The statement, as expected, incorporates new language on the confidentiality of the doctor-patient relationship that was ordered by Congress earlier this fall. That language specifies that the military services cannot use information disclosed to a doctor by anyone in the service after a positive test as the sole basis for a court-martial, discharge or "adverse personnel action."

But the working group, in carrying out the Congressional directive, said some exceptions were appropriate when people admitted drug use or homosexual activity and the job entailed such things as handling nuclear weapons or military secrets and flying airplanes.

Sharing of Names Urged

Among other changes, the draft policy would also allow military physicians to share with civilian health officials the names of any individuals identified by a service member as likely to have been exposed by that person to the disease through sexual or contact involving drug abuse.

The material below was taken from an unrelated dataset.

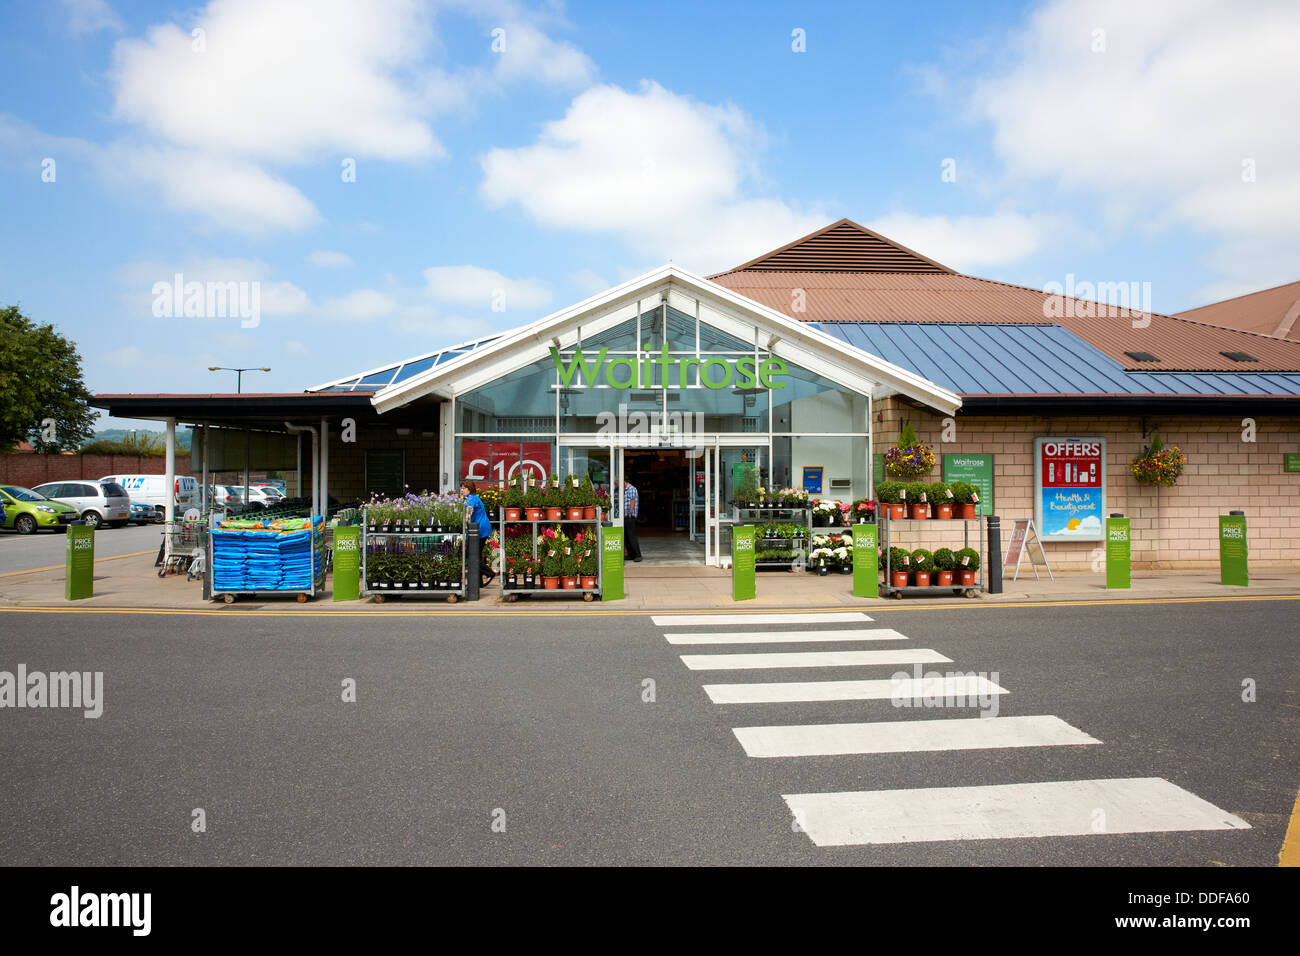 Supermarché Waitrose, Otley, West Yorkshire UK Banque D'Images

The service member would be informed in advance, however, that any names volunteered would be shared with civilian health agencies.

Military doctors routinely tell civilian health officials whether members of the services have other communicable diseases, and in some states they are required to do so by law.

The most debatable aspect of the new review, however, was the question of retention, said officials, who spoke on condition of anonymity.

Military recruits who test positively are automatically denied entry into the service. But those on active duty who show no signs of the disease are allowed to remain in the service, subject to restrictions on overseas deployments and job assignments.

Army officials have argued that any soldier who tests positively should be given an honorable discharge, said one source. People exposed to the disease, even those who have not contracted it, can transmit it through sexual contacts, raising ethical questions about keeping them on active duty as an employee of the Government, the source said.

Moreover, "everybody on the force is supposed to be deployable, and these people aren't," the source added.